Dataset excerpt section start
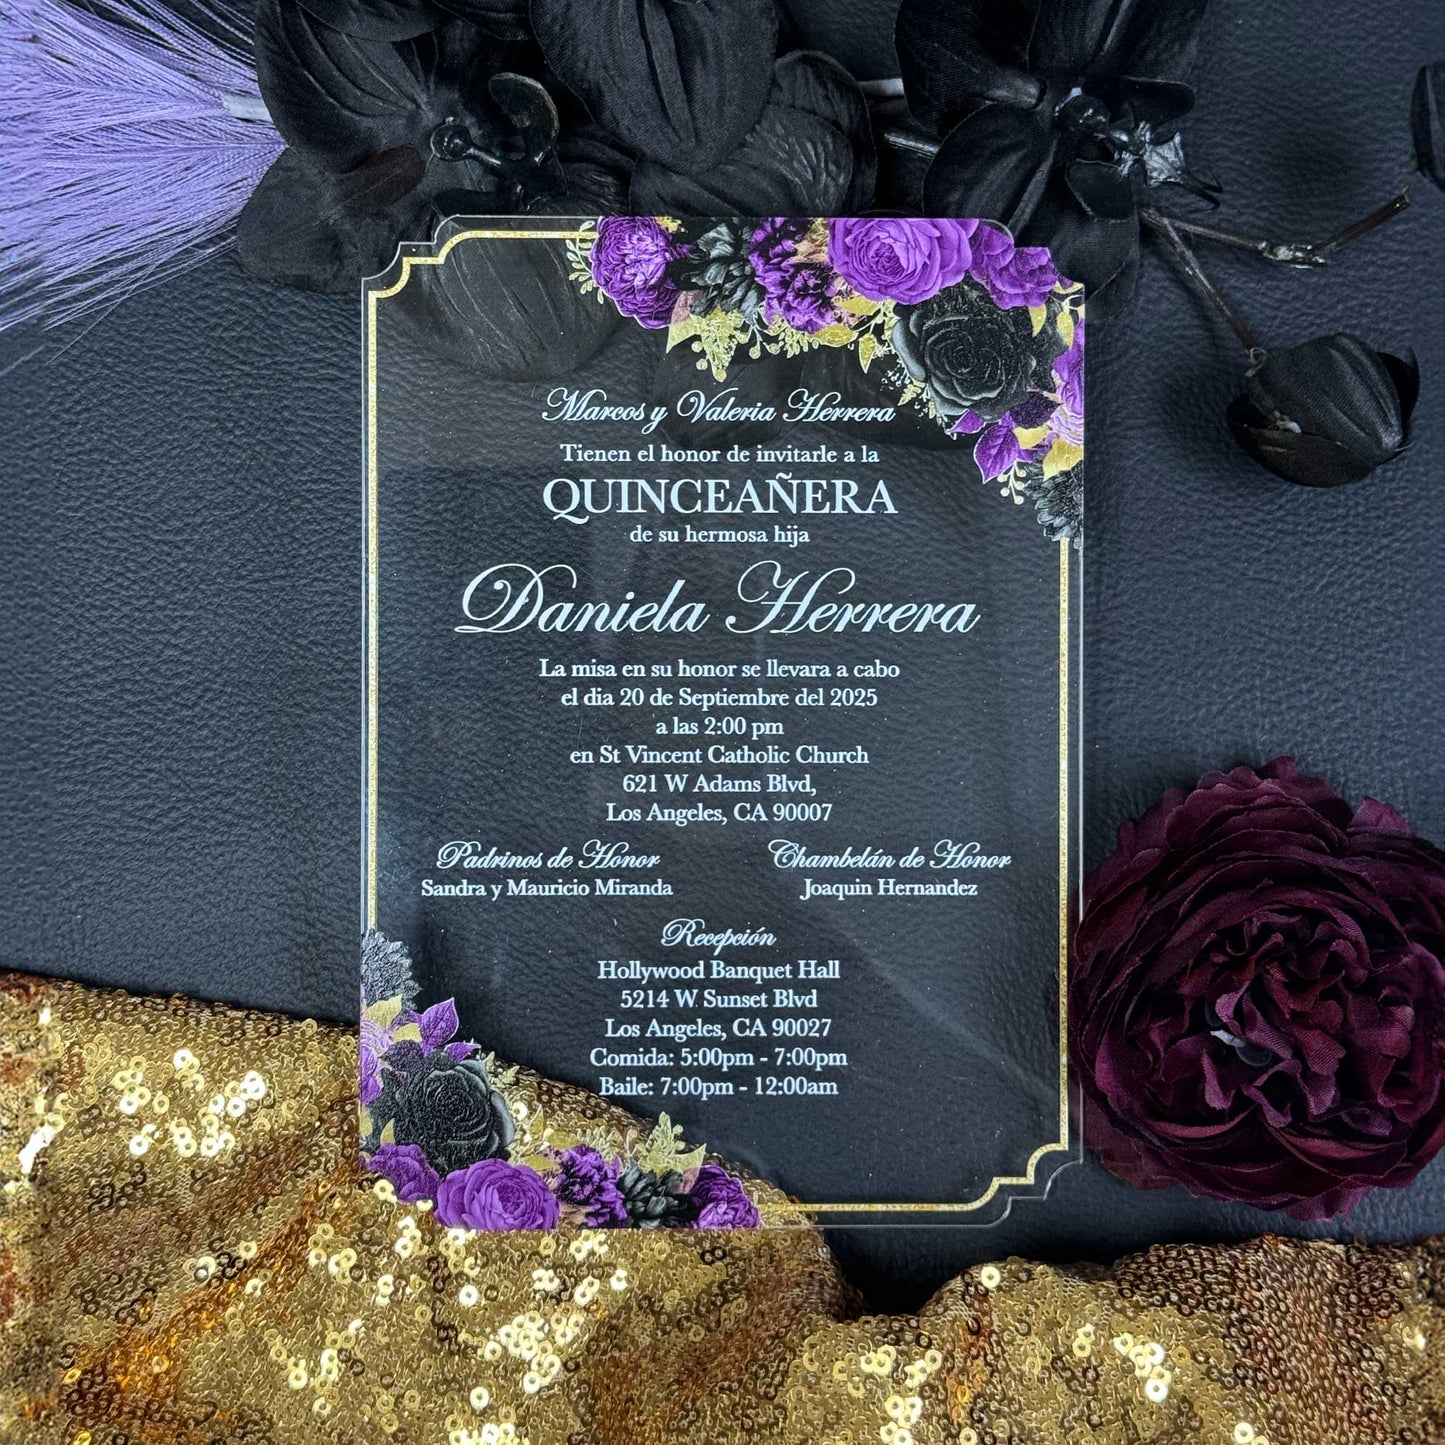 Acrylic Quinceañera Queen 01
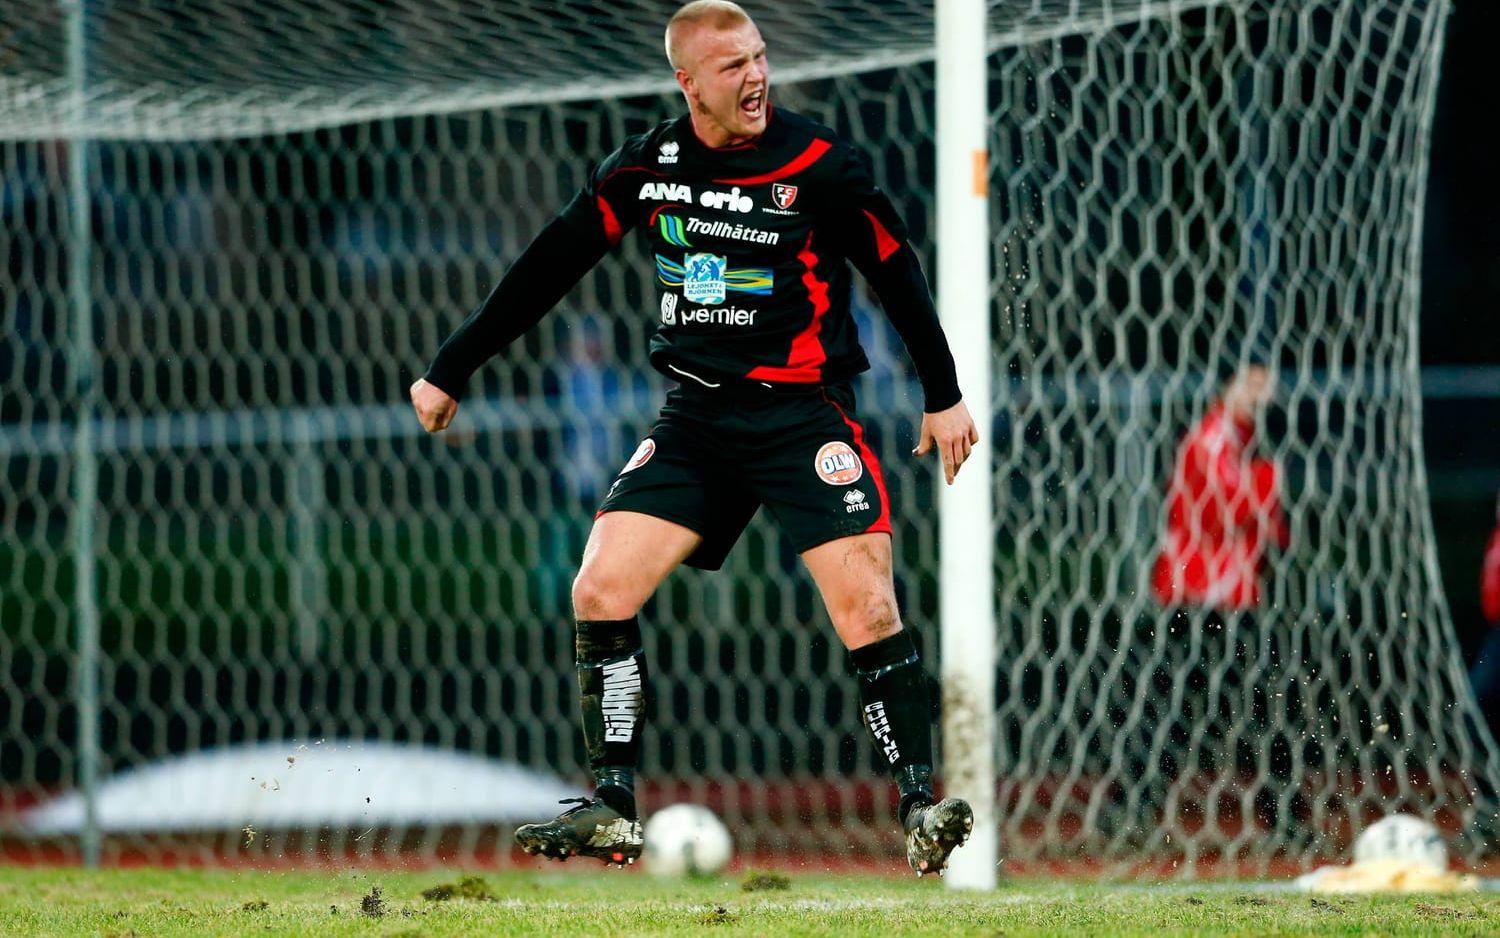 Jonathan Gustafsson skriker ut efter att hans 3-2-mål mot IFK Göteborg blivit avvinkat för offside. Bild: Bildbyrån
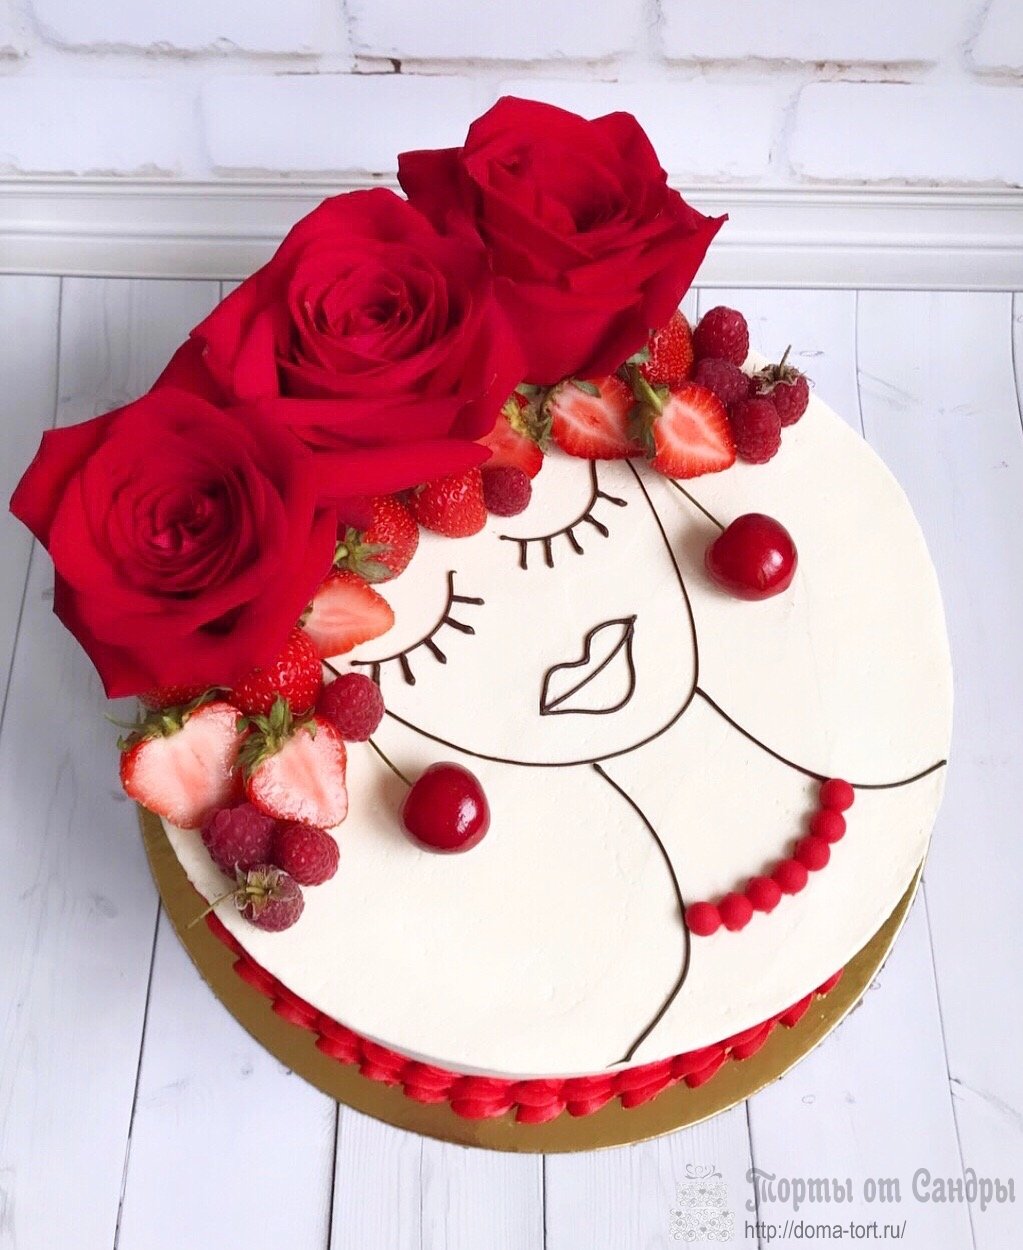 Торт - Портрет из ягод и цветов
Dataset excerpt section end
== Instructions for the task ==
Nothing should appear in the answer except the lines from the one containing "Jonathan Gustafsson skriker" through the last line of the listing, given again exactly and with no pictures.

== Solution to this exercise ==
 Jonathan Gustafsson skriker ut efter att hans 3-2-mål mot IFK Göteborg blivit avvinkat för offside. Bild: Bildbyrån
 Торт - Портрет из ягод и цветов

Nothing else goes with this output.